On August 29, 2025, during a speech at Ohio State University Law School, Assistant Attorney General Gail Slater announced the creation of a “Comply With Care” task force within the Antitrust Division of the Department of Justice (DOJ), which will focus on enforcement actions against parties flouting disclosure obligations. The speech and task force are a continuation of the Antitrust Division’s recent lawsuits against companies for failing to make merger filings under the Hart-Scott-Rodino (HSR) Act or responding properly to investigations.
AAG Slater stated the DOJ’s commitment to counter those who “undermine sound antitrust enforcement for everyone,” specifically claiming that “a few actors—many of them at Big Law firms” have used “[t]actics designed to circumvent legal process and hinder our investigations.”
The speech highlighted alleged violations of the HSR Act, which are subject to a fine of up to $53,088 per day. The targeted practices include failing to make HSR filings and failing to submit relevant documents.
AAG Slater criticized other practices in investigations and pointed to court rulings finding that corporate defendants failed to preserve evidence and live up to discovery obligations. Specific objectionable practices include delay tactics, overuse of the attorney-client privilege, deficient privilege logs, and failure to preserve documents, including ephemeral messages. Her remarks took aim at practices aimed at hiding material information from investigators or courts, such as “systematic behavior that led to the destruction of relevant evidence,” particularly regarding the use of messaging apps due to the automatic deletion of messages within 24 hours and the failure of hold notices to prevent such deletions.
AAG Slater highlighted that privilege logs must not be abused and noted, for example, that simply listing “Legal Department” as the basis of privilege is not sufficient. Accordingly, “[p]rivilege abuses are grounds for enforcement actions and sanctions motions.” Examples included an enforcement action filed against a company for claiming a “blanket privilege” over an entire category of documents, and a company that instructed employees to add attorneys to communications and to “ask the lawyer a question” whenever they dealt with a sensitive issue, and to “avoid using certain ‘antitrust buzzwords’ in their communications.”

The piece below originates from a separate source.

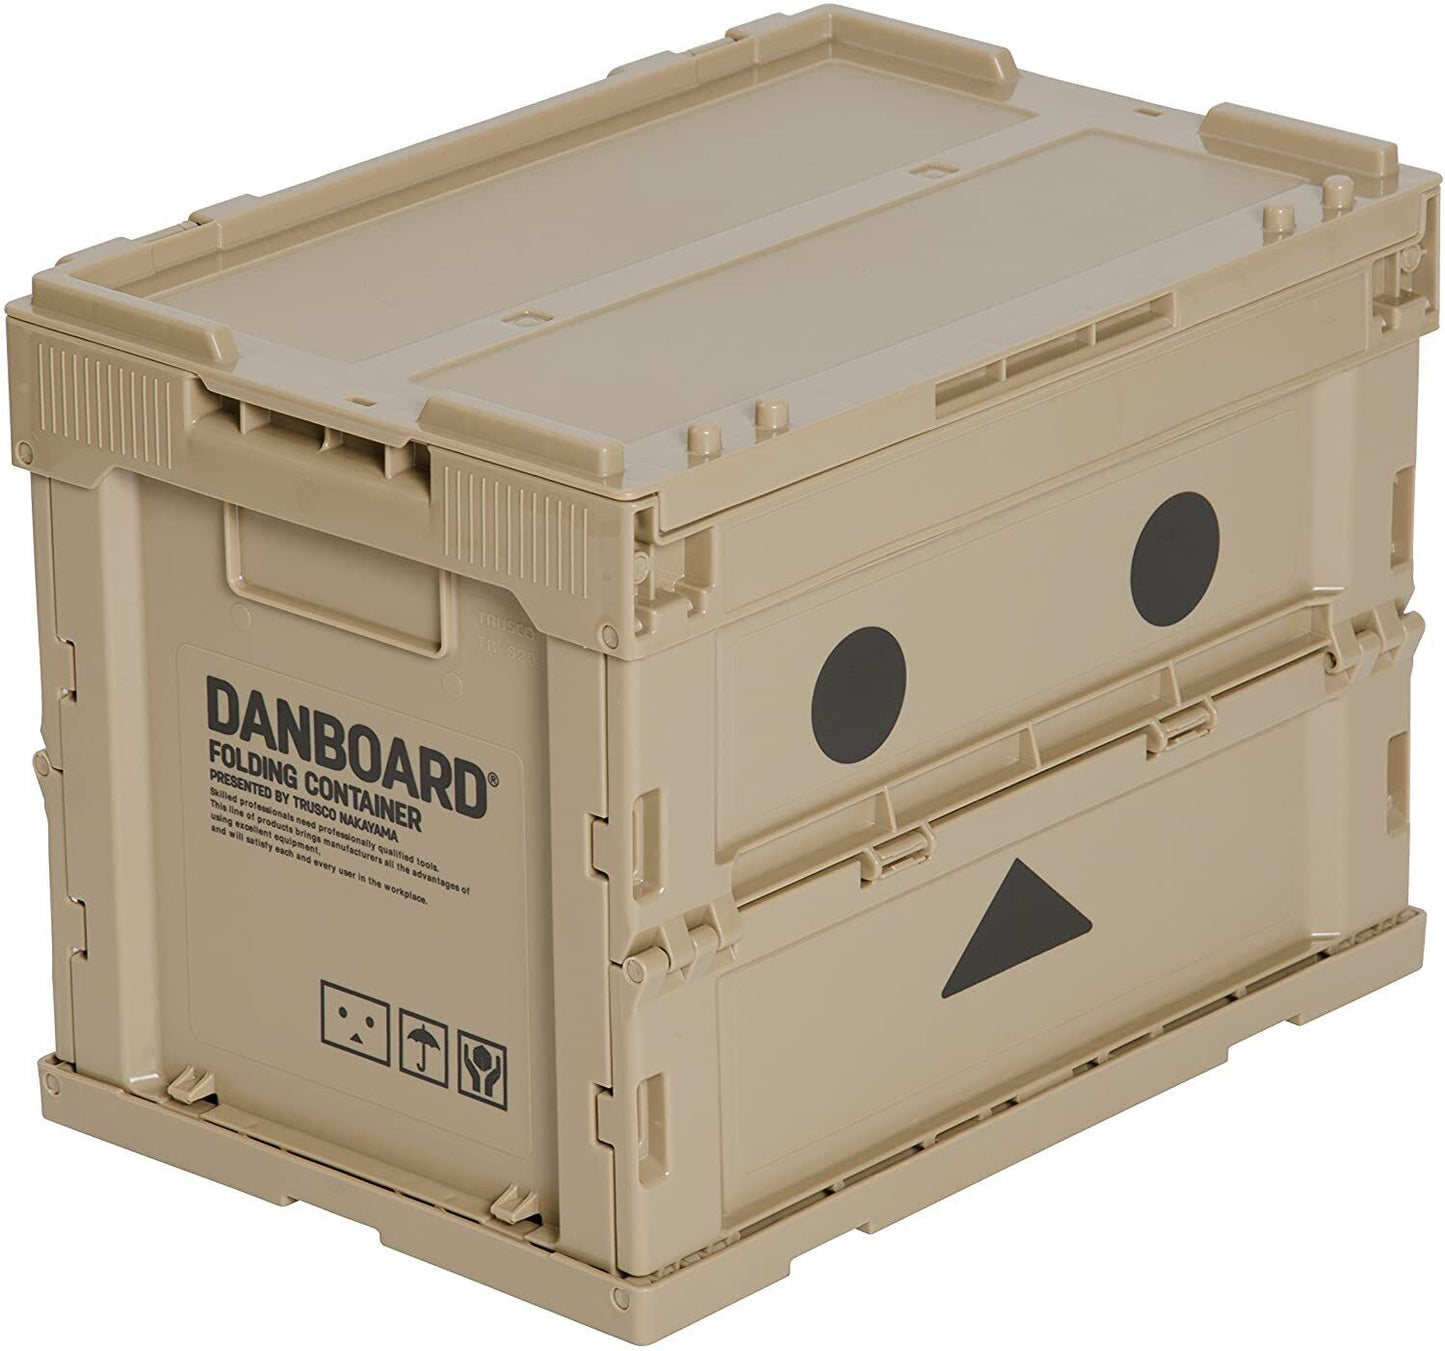 TRUSCO Danboard Folding Container Case Storage Box 20L

To combat these abuses, the Antitrust Division has established a “Comply With Care” task force targeting “problematic tactics from outside lawyers and law firms” that could distort the process and obfuscate the potential anticompetitive effects of transactions or conduct. The responsible Antitrust Division officials will focus on “abuses” by respondents in investigations “and take decisive action to address them.” The task force will likely issue guidance and continue to bring investigations and enforcement actions against companies viewed as not complying with their legal obligation to make filings or respond to process.
The importance of parties’ and counsels’ credibility before the agencies and the courts cannot be overstated. Although the substantial burden of any agency investigation, including the detailed privilege logs called for by Second Requests and other agency civil investigative demands, and the preservation obligations arising from the ever-evolving technologies and methods of communication, do not make compliance simple or easy, consultation with counsel well in advance of making required HSR filings and at the earliest stage of any internal or external investigation can assist with counterbalancing some of those burdens and mitigating the cost of litigating compliance or imposition of sanctions.